Mutable borrows in loops [Design help]

Hi, I am new to Rust having gone through only the Rust book, working on a project which requires capturing a screenshot of the primary display. I am using the scrap crate for this.

fn screen_shot_and_save_image(iter:i32) {
    let one_second = Duration::new(1, 0);
    let one_frame = one_second / 60;
    let mut buffer = None;
    let display = Display::primary().expect("Couldn't find primary display.");
    let mut capturer = Capturer::new(display).expect("Couldn't begin capture.");
    let (mut w, mut h) =  (capturer.width(), capturer.height());;
    while buffer.is_none() {
       // Wait until there's a frame.
        match capturer.frame() {
            Ok(buf) => {
                buffer = Some(buf);
            Err(error) => {
                if error.kind() == WouldBlock {
                    // Keep spinning.
                } else {
                    panic!("Error: {}", error);
    //work with buffer

the capturer.frame() has a signature of


pub fn frame<'a>(&'a mut self) -> io::Result<Frame<'a>>
cannot borrow `capturer` as mutable more than once at a time
`capturer` was mutably borrowed here in the previous iteration of the looprustcE0499

Based on similar questions, I understand that Rust does not allow mutable borrows in a loop. However I need to use this function in a while loop, incase I get the WouldBlock error, which returns a blank image intermittently. I cannot make good sense of the compiler error or suggestion so any help will be much appreciated, thank you!

From a quick look at the scrap crate, the Frame's slice of bytes is borrowed from the Capturer, so as long as you hold onto the Frame, the borrow will survive. The frame method borrows mutably from the Capturer, but I don't know if it really should...there's a lot of unsafe code in the crate.

You could copy the Frame's bytes into a separate buffer instead of holding the reference the method provides.

1 Like

Unforunately, scrap does something which is a complete sin in Rust - use lifetime parameters on the &mut self argument.
The signature should have been" pub fn frame(&mut self) -> io::Result<Frame<'_>>.
This way, the returned frame can have a shorter lifetime that the mutable borrow. But because the signature mentions the same lifetime for &mut self and the return value, the mutable borrow must live as long as the returned value lives. Since you are storing the returned value in buffer, the returned value must out-live the loop (since buffer outlives the loop`). As a consequence, the mutable borrow is extended to the next iteration.
As far as I can tell, you need to either file an issue and a PR for this crate, or fork it and maintain your own copy of it.

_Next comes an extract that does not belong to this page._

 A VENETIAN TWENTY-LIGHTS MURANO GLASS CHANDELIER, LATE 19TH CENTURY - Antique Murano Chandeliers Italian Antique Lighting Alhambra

No, those are the same. In

pub fn frame(&mut self) -> io::Result<Frame<'_>>

the '_ here means "please use lifetime elision rules to determine the lifetime”, and the lifetime elision rules say that since there is an &mut self, that lifetime is used for returned lifetimes, and so it is completely equivalent to what was actually written.

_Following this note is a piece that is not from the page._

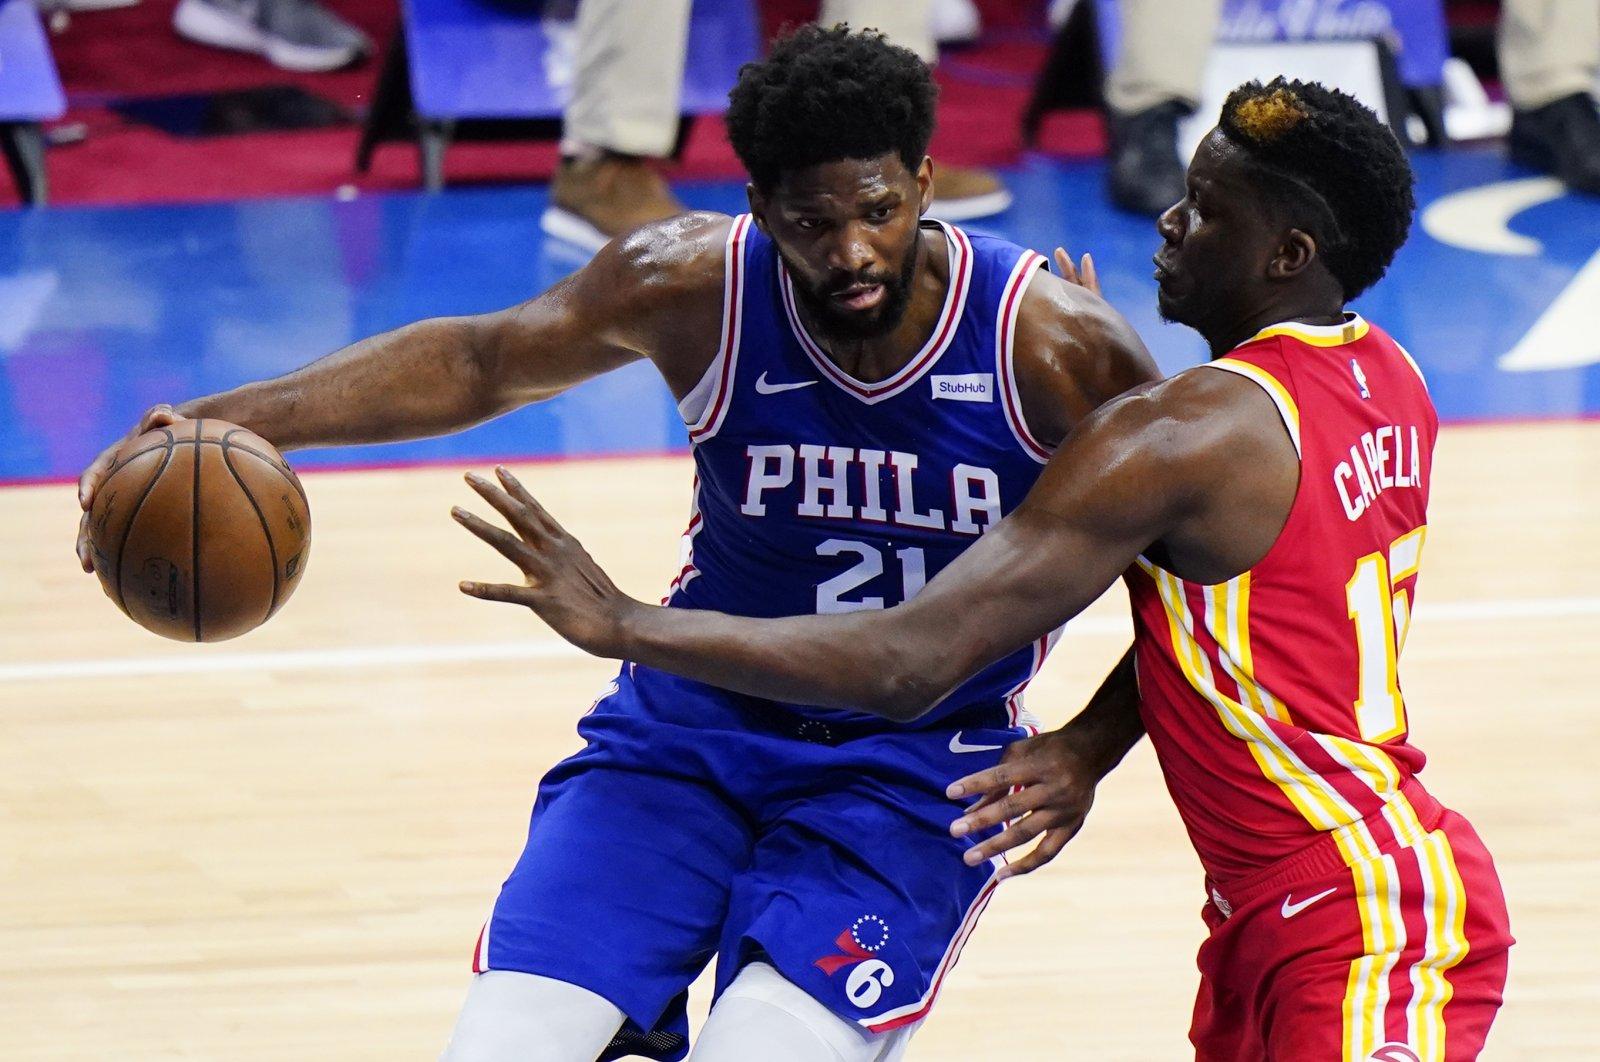 Philadelphia 76ers' Joel Embiid (L) tries to get past Atlanta Hawks' Clint Capela during Game 2 of their second-round NBA Playoffs series, Philadelphia, U.S., June 8, 2021. (AP Photo)

pub fn frame<'a>(&'a mut self) -> Result<Frame<'a>>

The “sin” you are thinking of is probably the one of linking &'a mut self to a parameter on the type itself,

impl<'a> Foo<'a> {
    fn foo(&'a mut self) -> ...

which is indeed usually a mistake. But, in this case, where there is no lifetime on the type, then a method's return value must be either borrowing from self or be fully owned.

Looking at the docs, Frame derefs to [u8], so probably the right solution here is to copy the data out of the frame into a Vec<u8>, inside the loop. That way, there is no borrow of the Capturer kept around.


I think loop is nicer for these situations than a while:

let buffer = loop {
    match capturer.frame() {
        Ok(buf) => break buf,
        Err(error) => {

I think this works better with the borrow checker and has the added benefit of not wrapping the buffer in an Option.